『さざ波通信』の最新号で、上田耕一郎共産党副委員長の『経済』論文「二一世紀を「平和の世紀」に」に対する批判が掲載された。また、同論文に対する大塩平七郎氏の批判投稿も最近掲載されている。どちらも、上田耕一郎氏が、護憲派憲法学者の主張をつまみ食いし、自分の都合のよいように利用していることを指摘している。私も、それらにあやかって、最近発見した澤野義一氏の共産党批判をここで紹介しておこうと思う。
上田副委員長は、その論文の中で、澤野氏の著作をわざわざ取り上げ、そこでの憲法論をほとんど無条件に肯定的に取り上げている。が、その澤野氏は、昨年の共産党の新しい自衛隊政策についてどう言っているだろうか。
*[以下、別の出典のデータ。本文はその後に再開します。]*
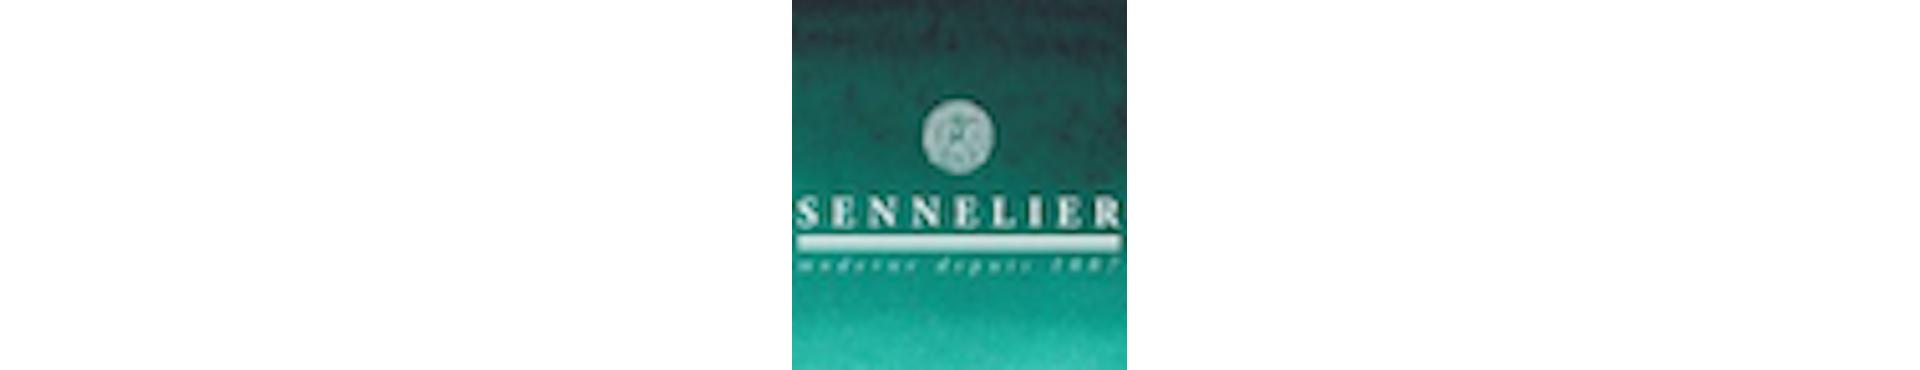 Cajas acuarelas Sennelier

以上のことを勘案すると、憲法九条の中立は、個別的な武力的自衛権および集団的自衛権を認めない「非武装中立」、厳密には「非武装永世中立」を意味するものと解すべきである。したがって、日本共産党のように、憲法九条のもとで「非同盟中立」を提言するのは適切ではない。共産党が「非同盟中立」の表現にこだわり、「非武装中立」という表現をしないのは、武力的自衛権に基づく「武装(自衛)中立」論を前提にしているからである。このことは、自衛隊の解消過程において、急迫不正の侵害に対して国民の安全を守るために自衛隊を活用するという最近の政策提言となって現れている。この論理だと、一定の有事立法の準備も必要となろう。
このような見解は、かつての社会党や「護憲的改憲論」などが提言した「平和基本法」論にみる安全保障政策と大差がない。しかし、これは、伝統的な国民国家の自衛権を前提とした「近代的」立憲平和主義の枠内のイデオロギーであり、憲法九条の想定する先進的・未来志向的な「現代的」立憲平和主義に抵触する。(澤野義一「非武装中立論」、『科学的社会主義』第36号、26ページ)
以上が、上田氏がつまみ食いしている護憲派憲法学者の主張である。もちろん、こうした主張には賛成できないという立場もありうる。それなら、こうした憲法学者の議論を正々堂々と取り上げて、反論すべきだろう。